Wellard explains: "We try where possible to link in our qualifications within the national framework, such as GCSEs and A-Levels, so we can benchmark them. A key objective is portability, so that you can go anywhere else in the world and be recognised for your qualifications."
The CII's emphasis on lifelong learning is underlined by the fact that, for chartered titles, continuing professional development is compulsory. This includes recently qualified associates, fellows and those studying the Certificate of Insurance Practice (CIP) who want to become designated as MSTI - Members of the Society of Technicians in Insurance.
For claims staff, the Chartered Institute of Loss Adjusters CILA is offering qualifications to a wider audience through the Society of Claims Technicians (SCT) - a qualification for claims handlers working at desktop level on higher-volume, lower-value claims. This is a three-part exam and, significantly, the final part is dedicated to interpersonal skills, underlining the growing regulatory need for competency. Having passed, they become an associate, then after two years a fellow, and that qualifies them to take the CILA exams.

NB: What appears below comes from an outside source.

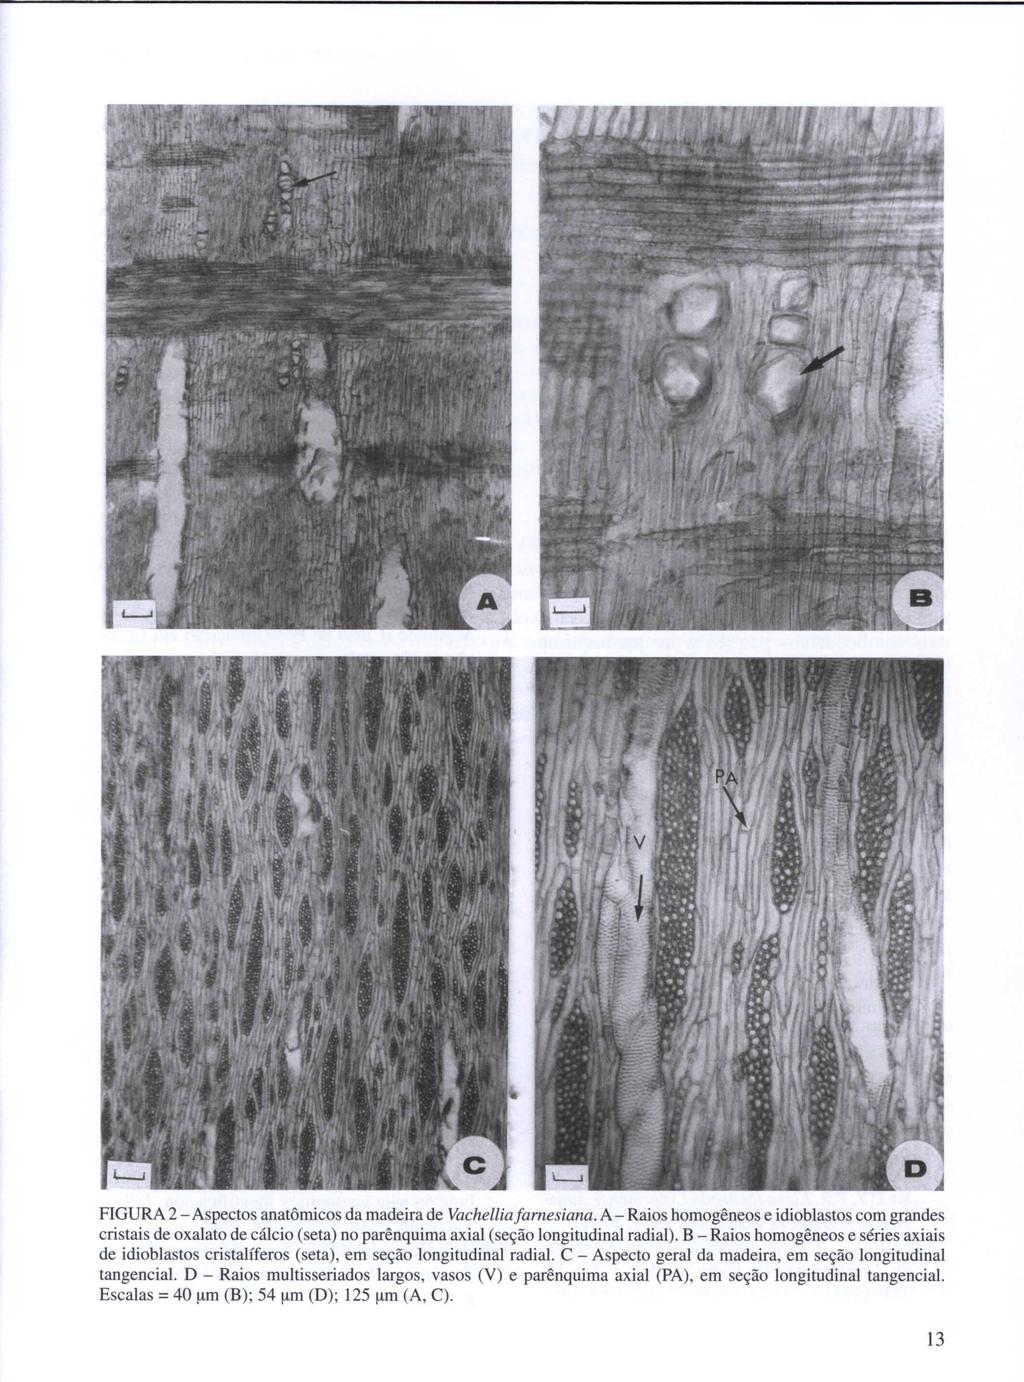 FIGURA 2 - Aspectos anatômicos da madeira de Vachelliafarnesiana. A - Raios homogêneos e idioblastos com grandes cristais de oxalato de cálcio (seta) no parênquima axial (seção longitudinal radial).

Another major educational provider is the Institute of Financial Services (IFS), which includes the Chartered Institute of Bankers. Its certificate subjects such as mortgages and financial services, which used to be written papers and sat quarterly, are now on line.
However, its equivalent of the CII's FPC, the Certificate for Financial Advisers has virtually the same content. Such duplication between two examining bodies seems pointless.
The IFS also works with the UMIST for its diplomas and degrees. One of its higher qualifications is a master's degree in e-commerce.
Vocational qualifications, provided by the Financial Services National Training Organisation (FSNTO), are also growing in importance.